> _GIVEN DATA_:
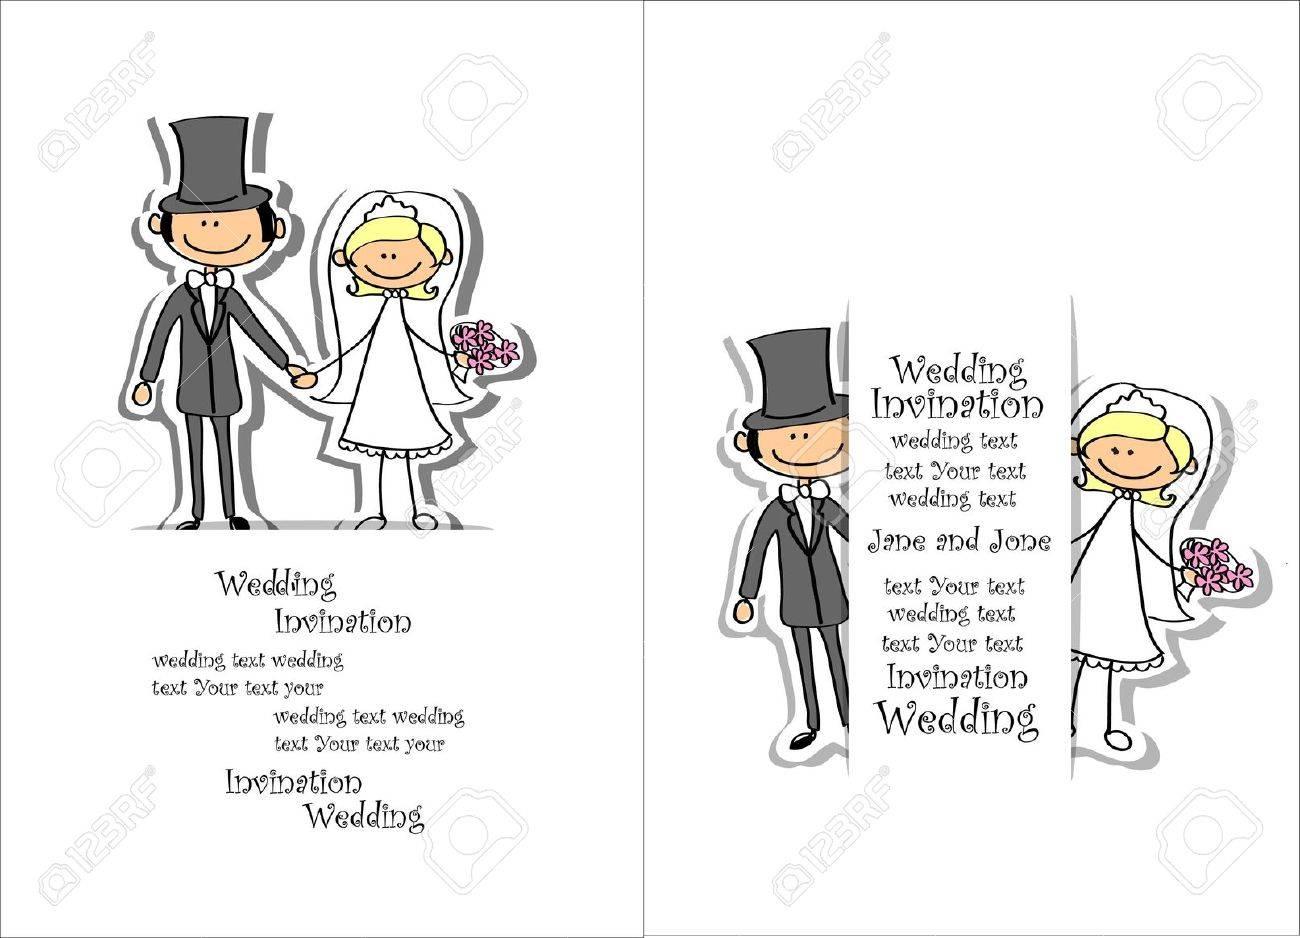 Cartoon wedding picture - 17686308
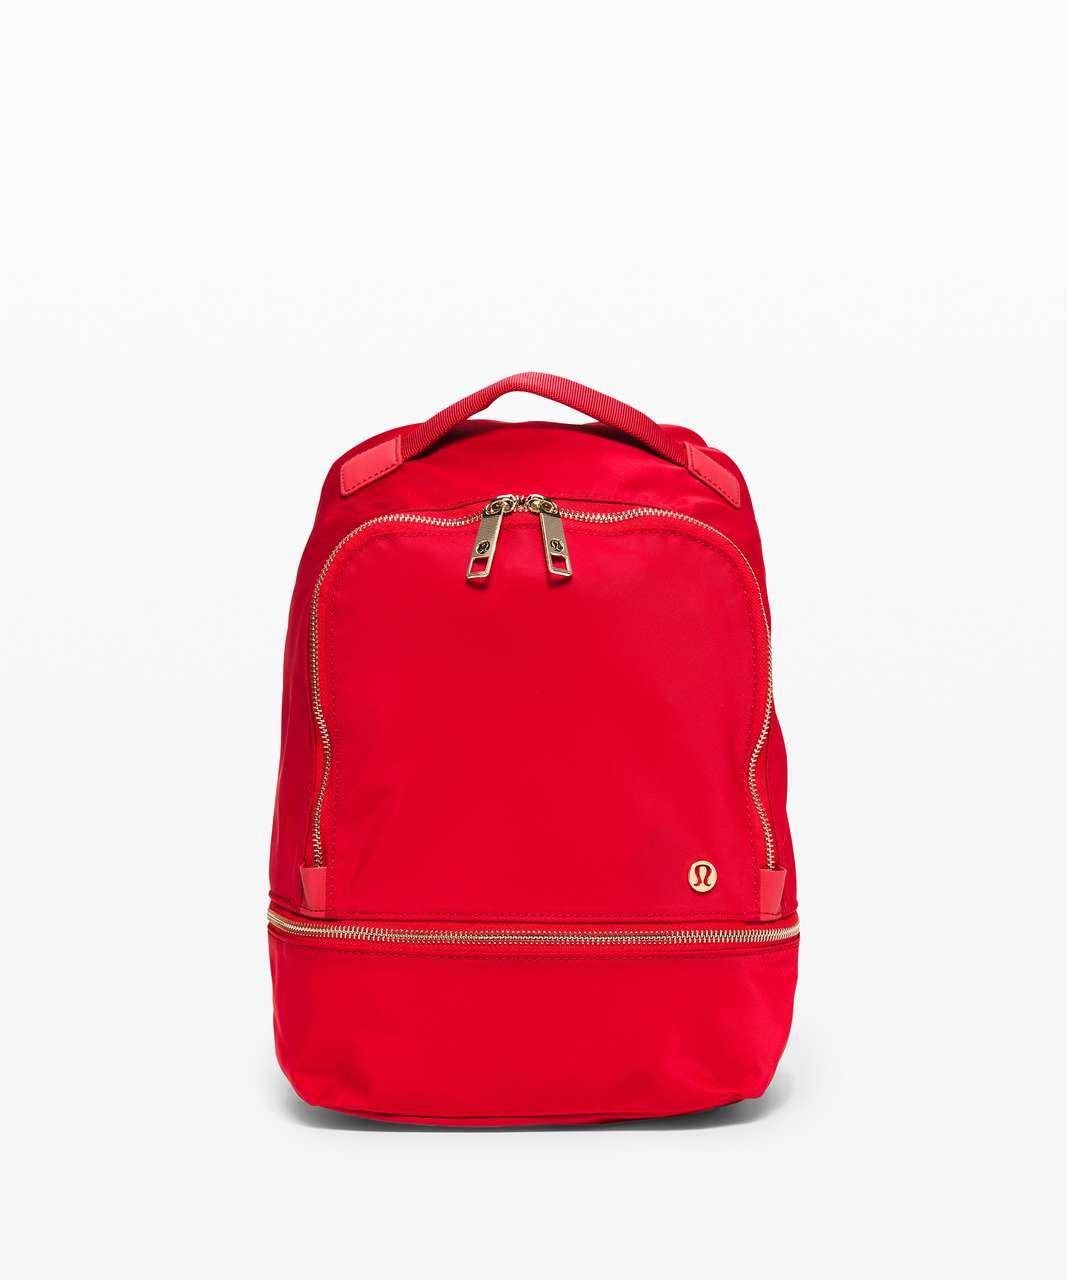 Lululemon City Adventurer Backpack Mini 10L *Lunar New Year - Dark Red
...
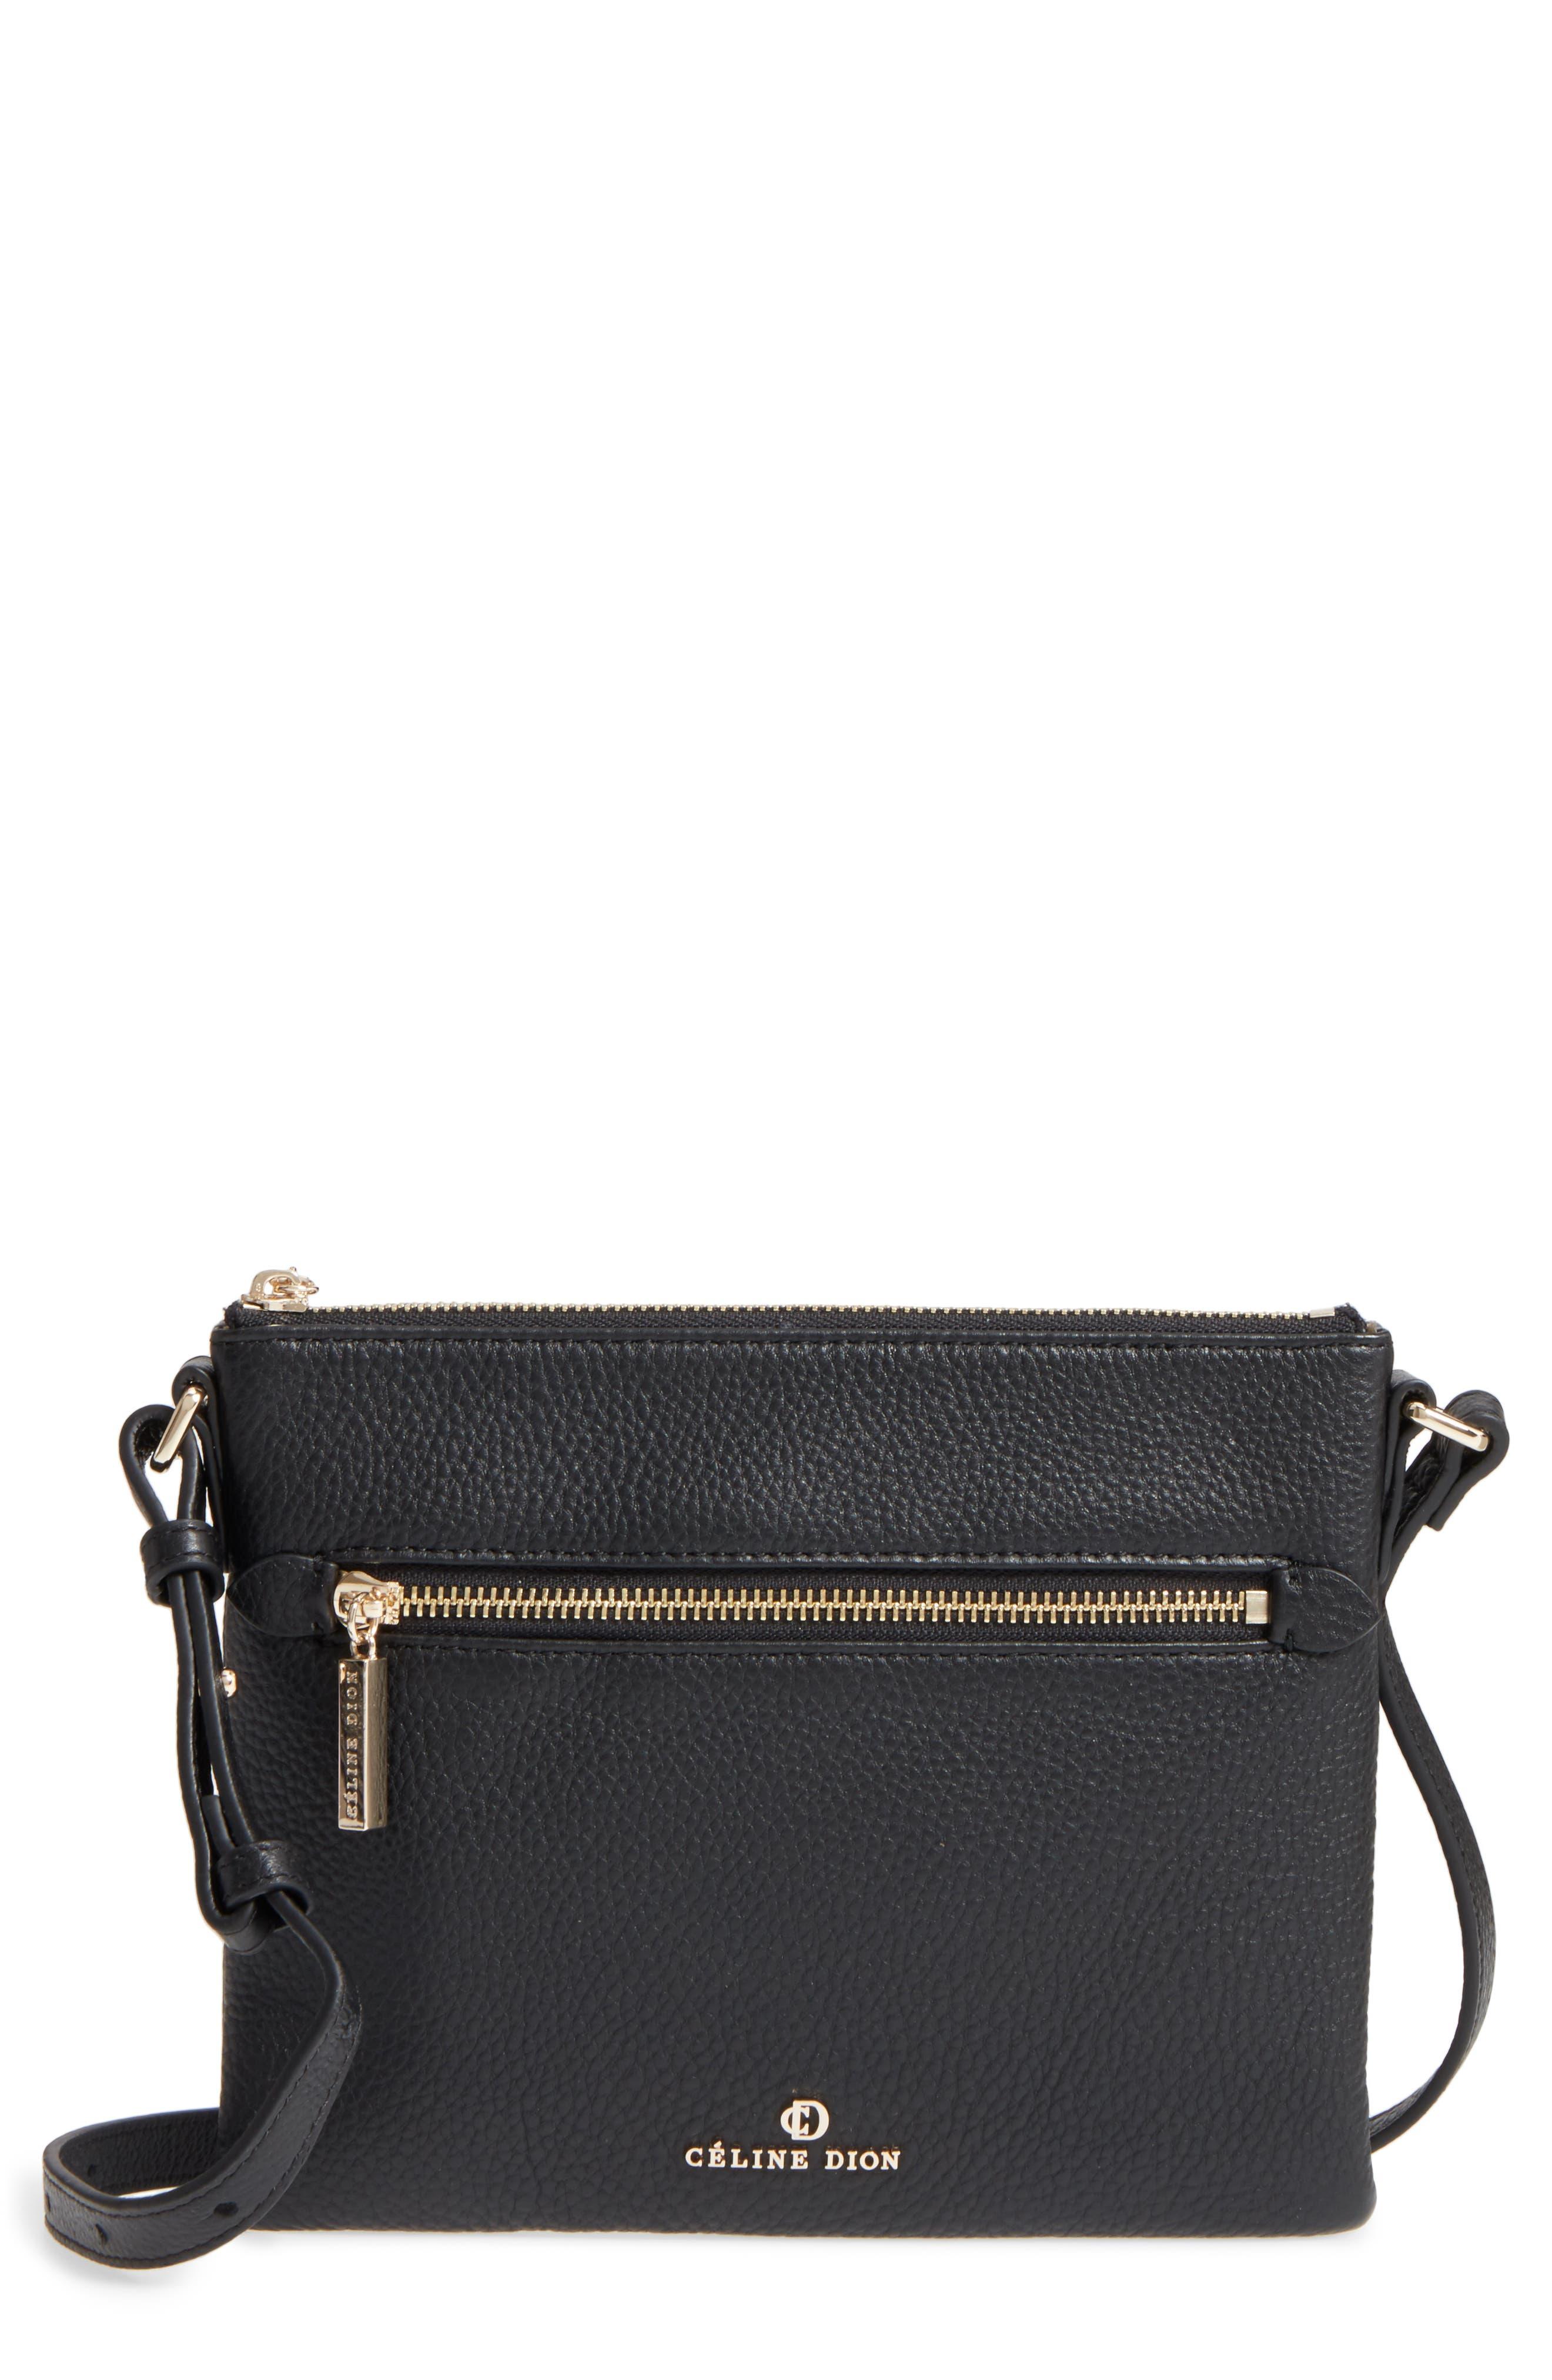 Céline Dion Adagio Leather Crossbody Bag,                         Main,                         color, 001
==
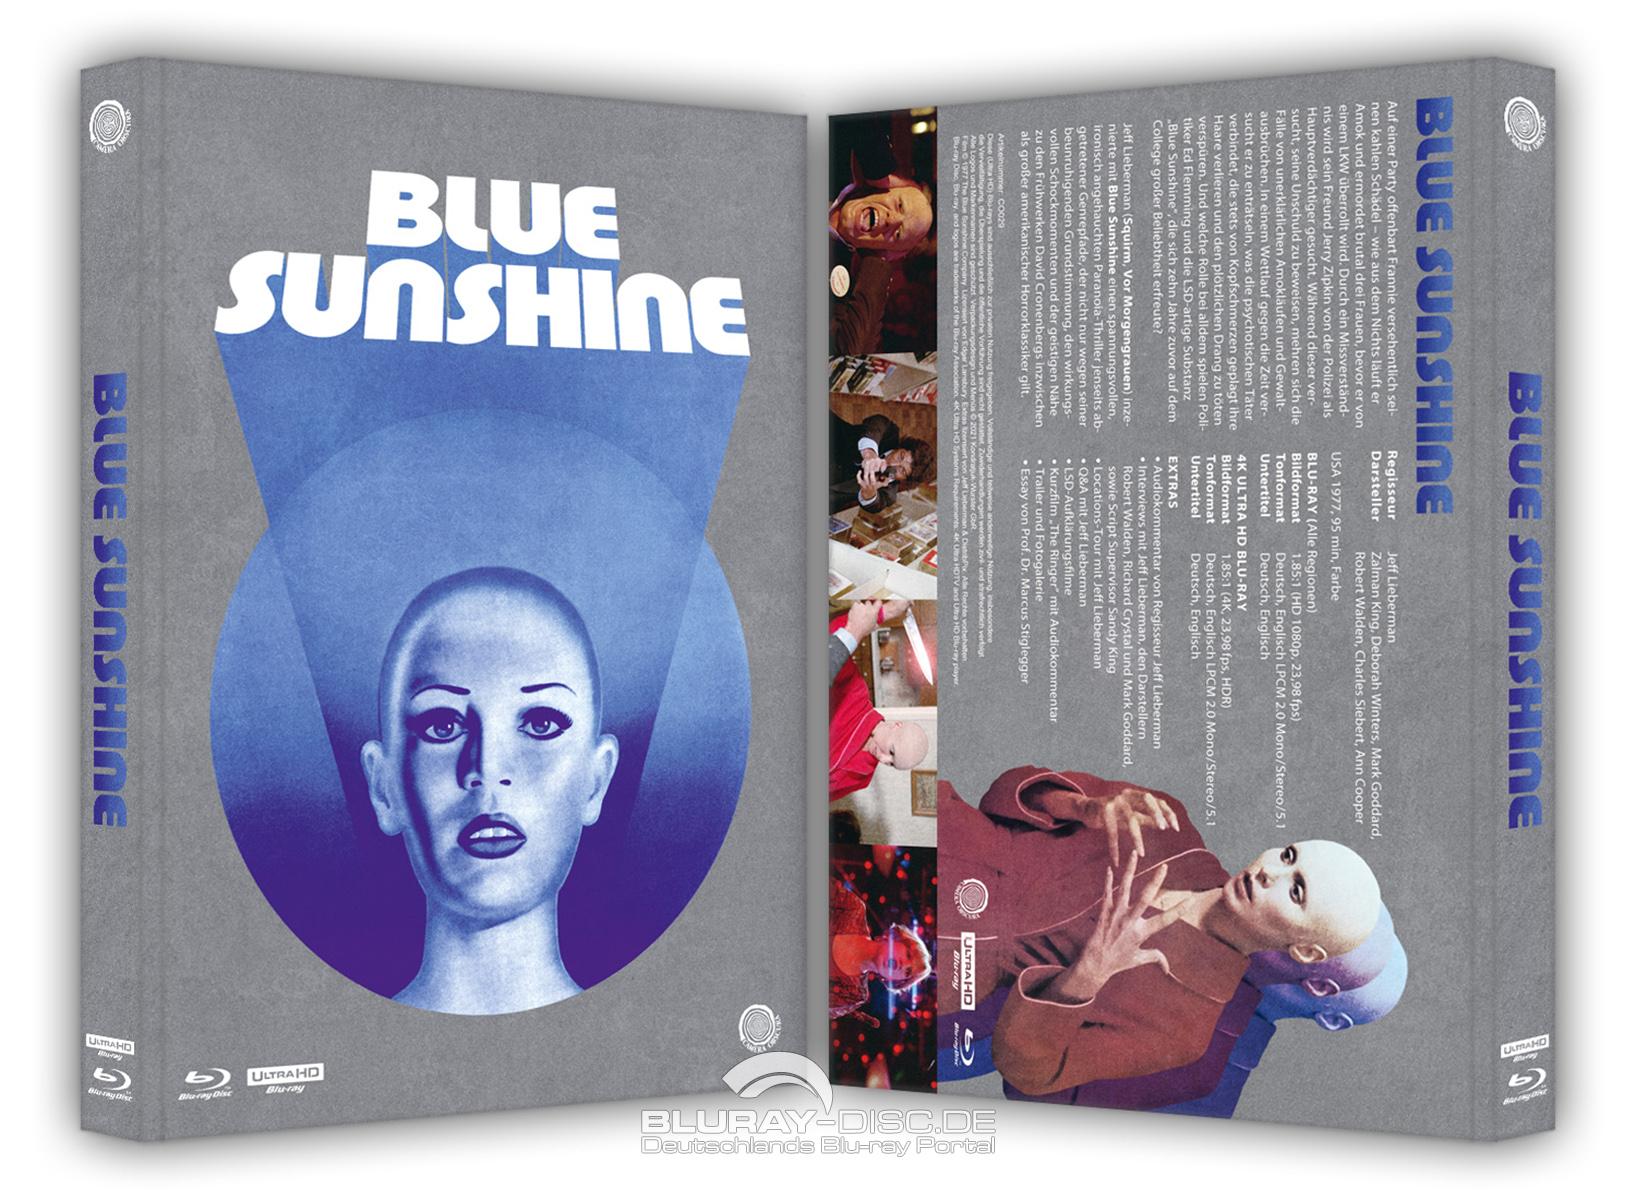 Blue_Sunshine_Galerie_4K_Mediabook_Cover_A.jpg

> _DIRECTIONS FOR THIS TASK_: Using the data above, give again exactly the lines starting at the one holding "Cartoon wedding picture - 17686308" and ending at the one holding "Lululemon City Adventurer", inclusive, and nothing more. Omit the pictures.

> _SOLUTION_:
 Cartoon wedding picture - 17686308
 Lululemon City Adventurer Backpack Mini 10L *Lunar New Year - Dark Red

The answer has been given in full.